A chart is a filesystem tree with a mandatory top-level Chart.yaml and a templates/ directory:

myapp/
├── Chart.yaml          # Chart metadata and dependencies
├── values.yaml         # Default configuration values
├── values.schema.json  # Optional JSON schema for values validation
├── charts/             # Sub-charts (dependencies)
├── templates/          # Kubernetes manifest templates
│   ├── _helpers.tpl    # Named template helpers
│   ├── deployment.yaml
│   ├── service.yaml
│   ├── ingress.yaml
│   ├── hpa.yaml
│   └── NOTES.txt       # Post-install notes shown to user
├── templates/tests/    # Test manifests (run by helm test)
└── README.md           # Human-readable documentation

Every file in templates/ is rendered through Go’s text/template engine. Files starting with an underscore (_) are not rendered as standalone manifests — they are intended for inclusion via {{ include }} or {{ template }}.

Chart.yaml — Metadata and Dependencies

apiVersion: v2
name: myapp
description: A Helm chart for the MyApp microservice
type: application        # or "library" for reusable helper charts
version: 1.2.0           # chart version (follows SemVer)
appVersion: "2.5.1"      # the application version this chart deploys
keywords:
  - web
  - microservice
home: https://github.com/org/myapp
sources:
  - https://github.com/org/myapp
maintainers:
  - name: DevOps Team
    email: [email protected]
dependencies:
  - name: postgresql
    version: 12.0.0
    repository: https://charts.bitnami.com/bitnami
    condition: postgresql.enabled
    tags:
      - database
  • apiVersion: v2 is required for Helm 3 charts (v1 is Helm 2 legacy)
  • version is the chart’s own SemVer — incremented when templates or defaults change
  • appVersion is the application being deployed — useful for correlating chart releases with application releases
  • dependencies declares sub-charts that Helm fetches and installs alongside the parent

values.yaml — Default Configuration

values.yaml is the contract between chart author and chart consumer.
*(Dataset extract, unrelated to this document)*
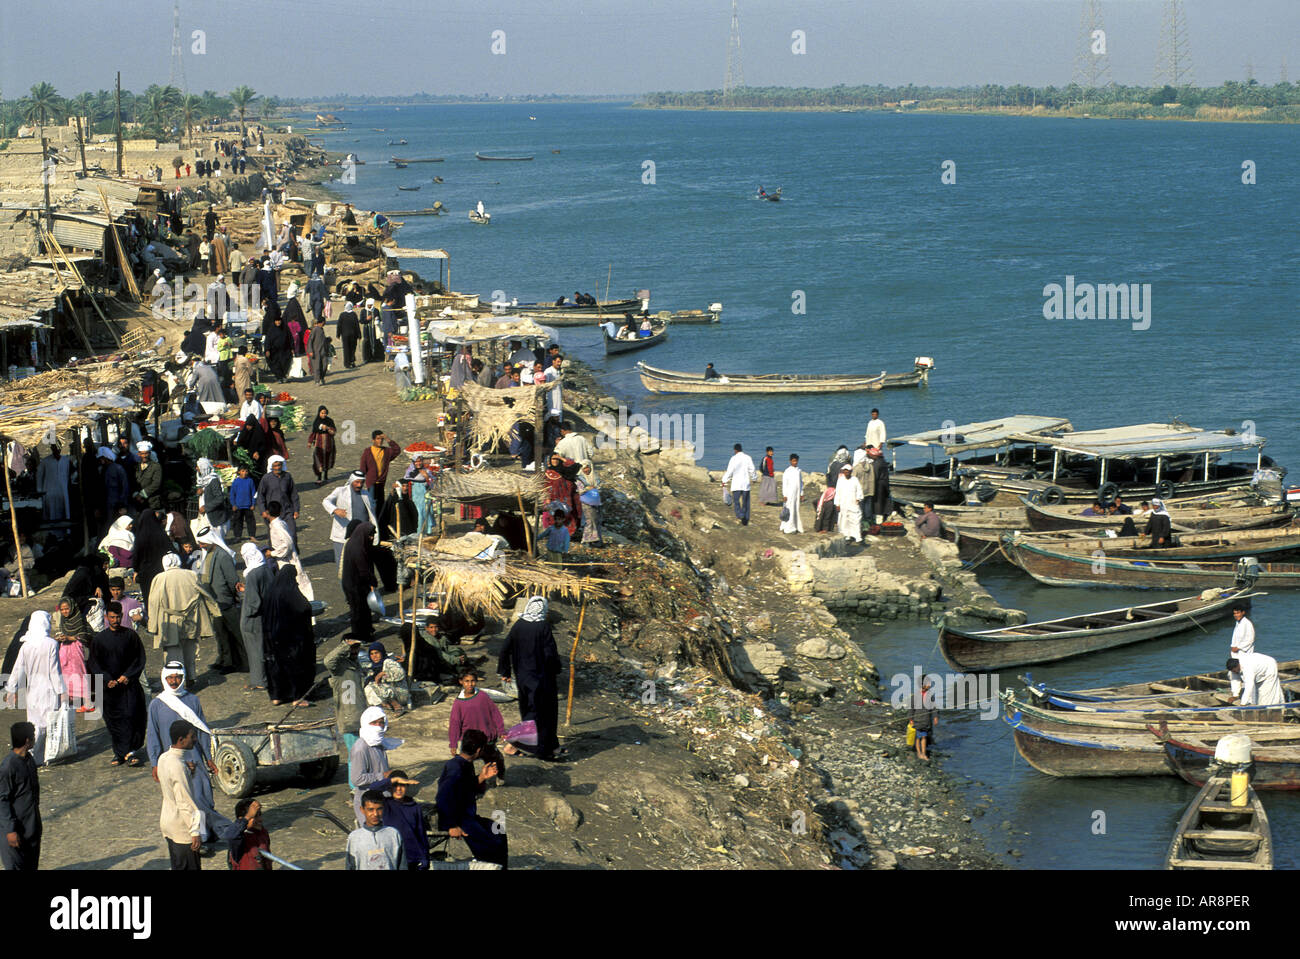 Market scene along Shatt al Arab waterway near Basra Iraq. Stock Photo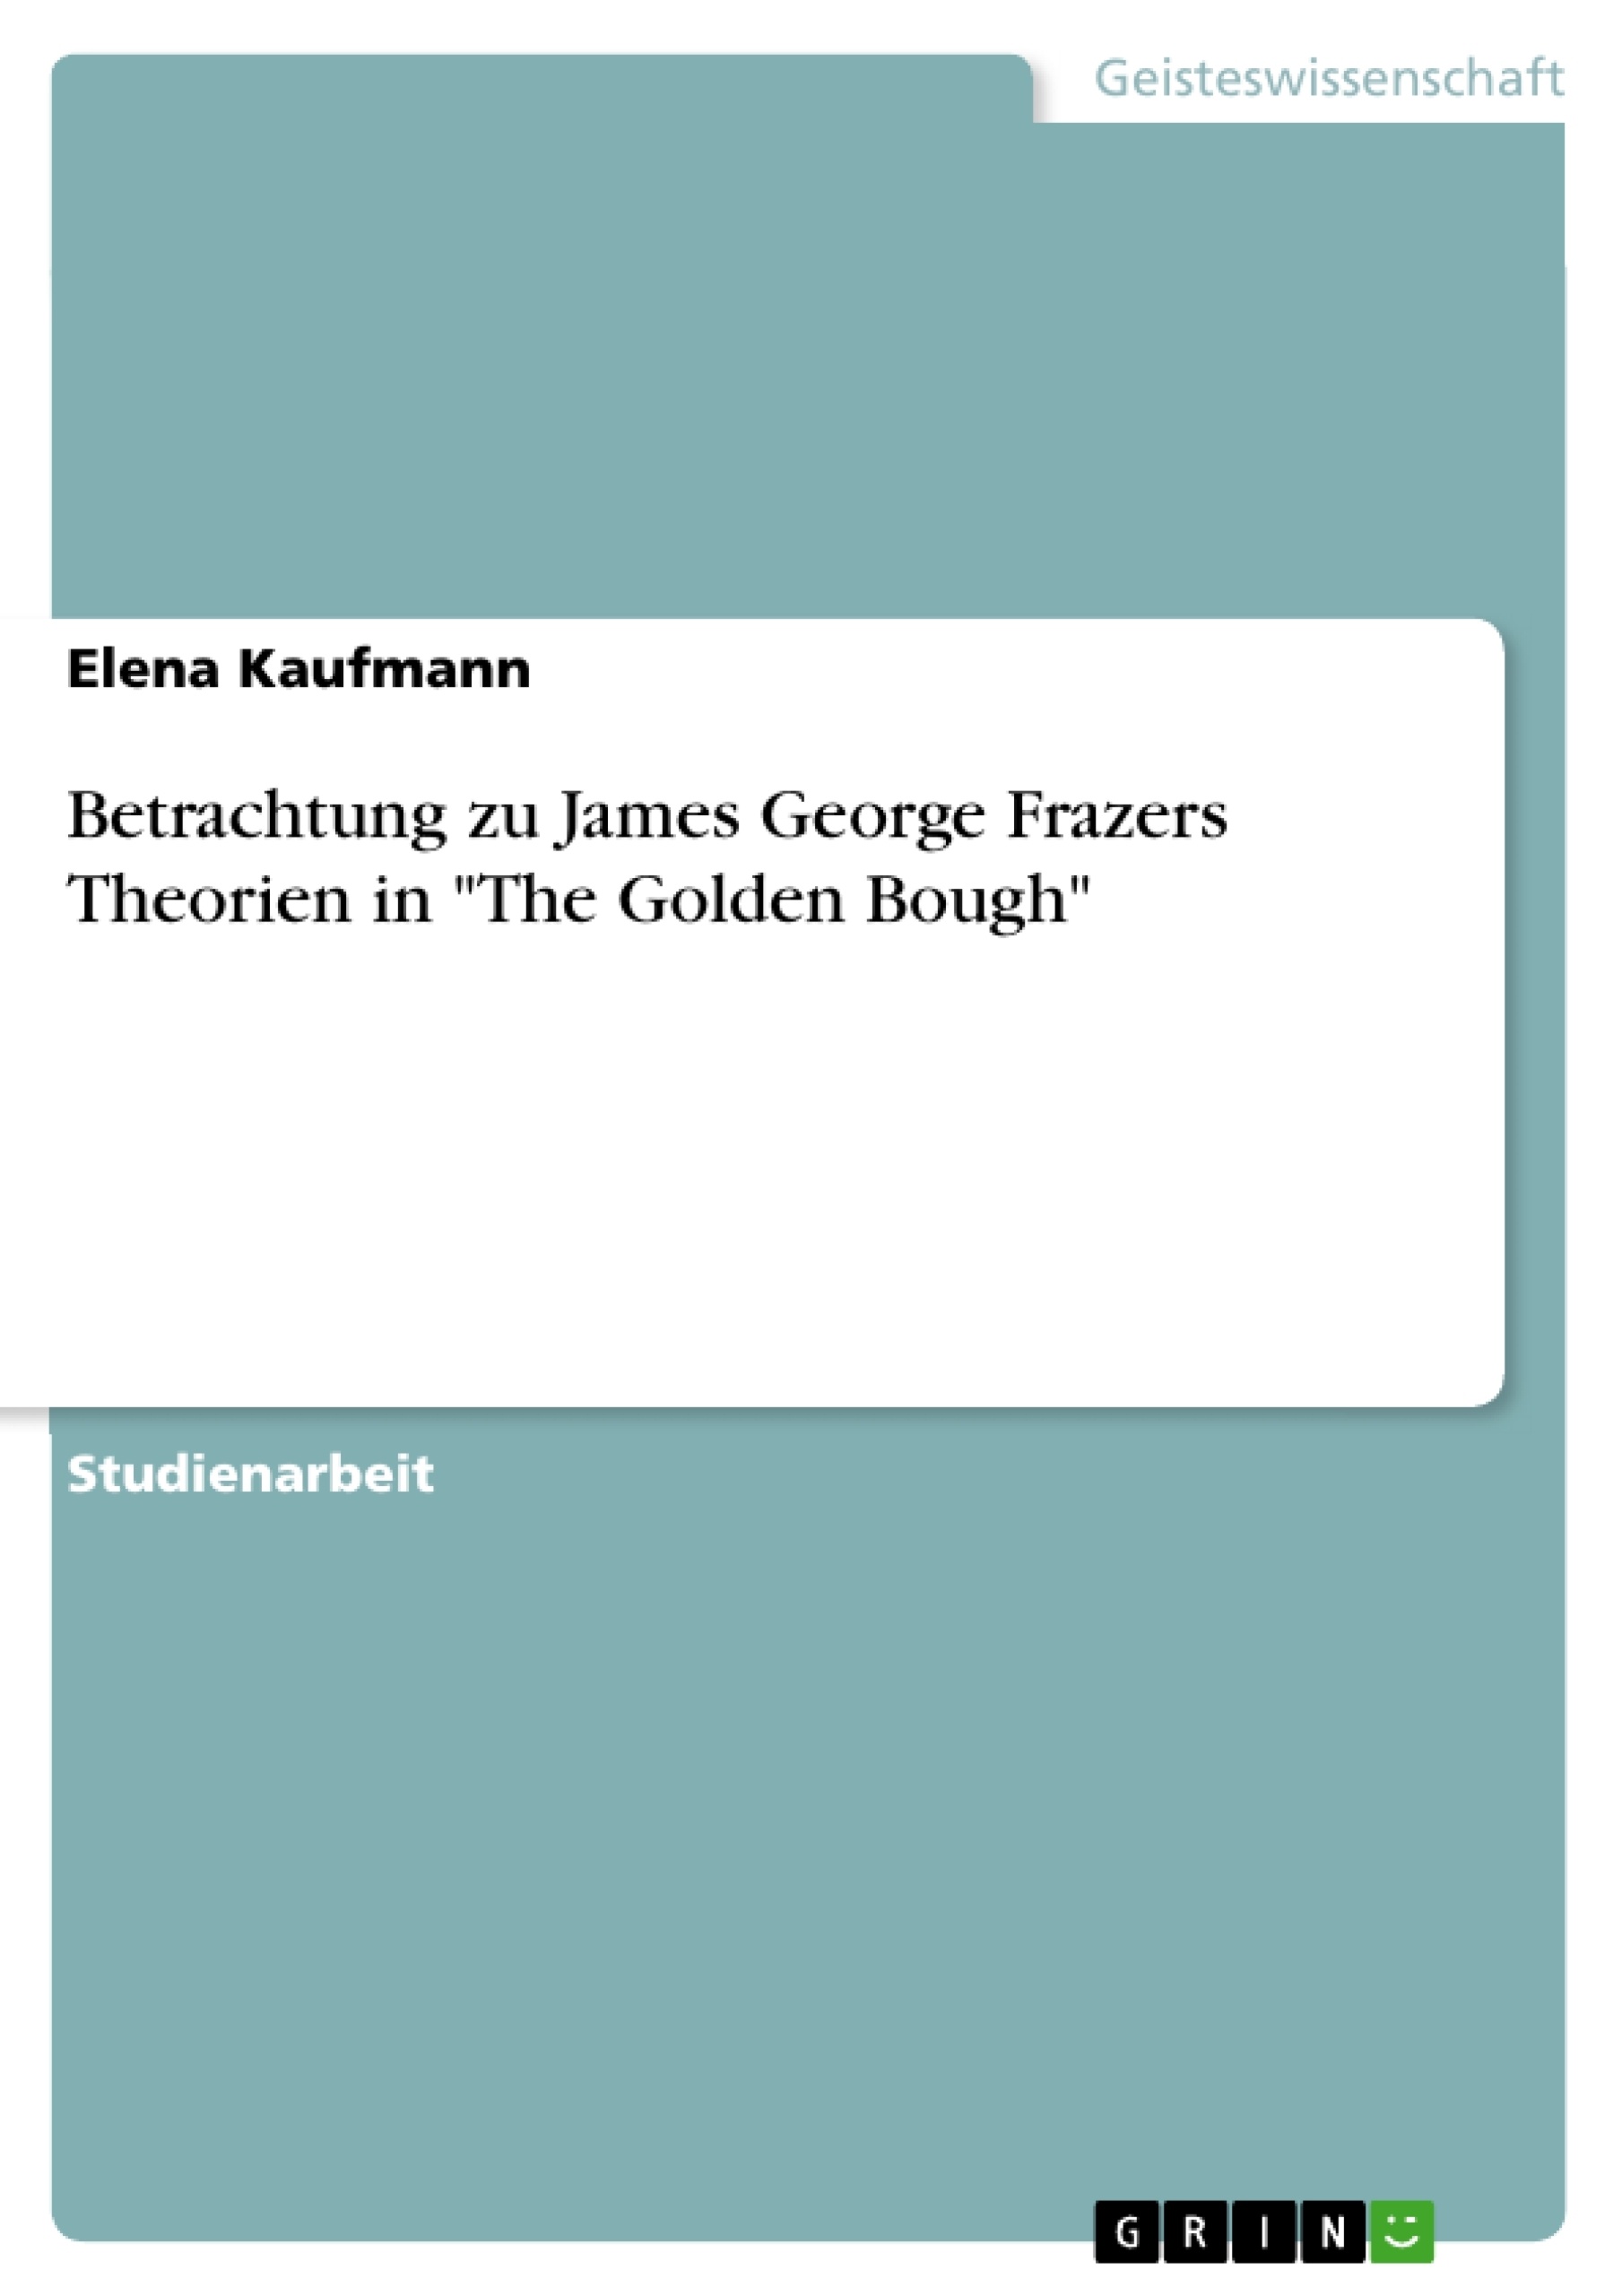 Título: Betrachtung zu James George Frazers Theorien in "The Golden Bough"

It declares every tunable parameter with sensible defaults:

replicaCount: 2
 
image:
  repository: nginx
  pullPolicy: IfNotPresent
  tag: "1.27"
 
imagePullSecrets: []
nameOverride: ""
fullnameOverride: ""
 
service:
  type: ClusterIP
  port: 80
 
ingress:
  enabled: false
  className: "nginx"
  annotations: {}
  hosts:
    - host: chart-example.local
      paths:
        - path: /
          pathType: Prefix
  tls: []
 
resources:
  limits:
    cpu: 200m
    memory: 256Mi
  requests:
    cpu: 100m
    memory: 128Mi
 
autoscaling:
  enabled: false
  minReplicas: 1
  maxReplicas: 10
  targetCPUUtilizationPercentage: 80

Best practices for values design:

  • Flatten logically: group related settings under a key (image.repository, not imagerepository)
  • Use booleans for features: ingress.enabled: false lets consumers opt in cleanly
  • Keep secrets out: never put credentials in default values; require consumers to inject via external Secret mechanisms
  • Document in README: every top-level key should have a one-line explanation

Templating with Go Templates

Helm manifests are Go templates. The template engine injects values and provides helper functions.

Built-in Objects

ObjectDescription
.ValuesContents of values.yaml plus CLI overrides
.ReleaseInformation about the release: .Name, .Namespace, .Revision, .IsUpgrade, .IsInstall
.ChartContents of Chart.yaml: .Name, .Version, .AppVersion
.CapabilitiesCluster capabilities: .KubeVersion, .APIVersions
.TemplateCurrent template being executed: .Name, .BasePath

Common Template Patterns

# templates/deployment.yaml
apiVersion: apps/v1
kind: Deployment
metadata:
  name: {{ include "myapp.fullname" . }}
  labels:
    {{- include "myapp.labels" . | nindent 4 }}
spec:
  replicas: {{ .Values.replicaCount }}
  selector:
    matchLabels:
      {{- include "myapp.selectorLabels" . | nindent 6 }}
  template:
    metadata:
      labels:
        {{- include "myapp.selectorLabels" . | nindent 8 }}
    spec:
      containers:
        - name: {{ .Chart.Name }}
          image: "{{ .Values.image.repository }}:{{ .Values.image.tag | default .Chart.AppVersion }}"
          imagePullPolicy: {{ .Values.image.pullPolicy }}
          ports:
            - name: http
              containerPort: {{ .Values.service.port }}
              protocol: TCP
          resources:
            {{- toYaml .Values.resources | nindent 12 }}

Key syntax notes:

  • {{ ... }} outputs the result
  • {{- ... }} strips leading whitespace (critical for YAML validity)
  • | nindent 4 indents a multi-line string by 4 spaces
  • | default .Chart.AppVersion provides a fallback if no tag is specified
  • toYaml serializes an object as YAML (commonly used for resources, nodeSelector, tolerations)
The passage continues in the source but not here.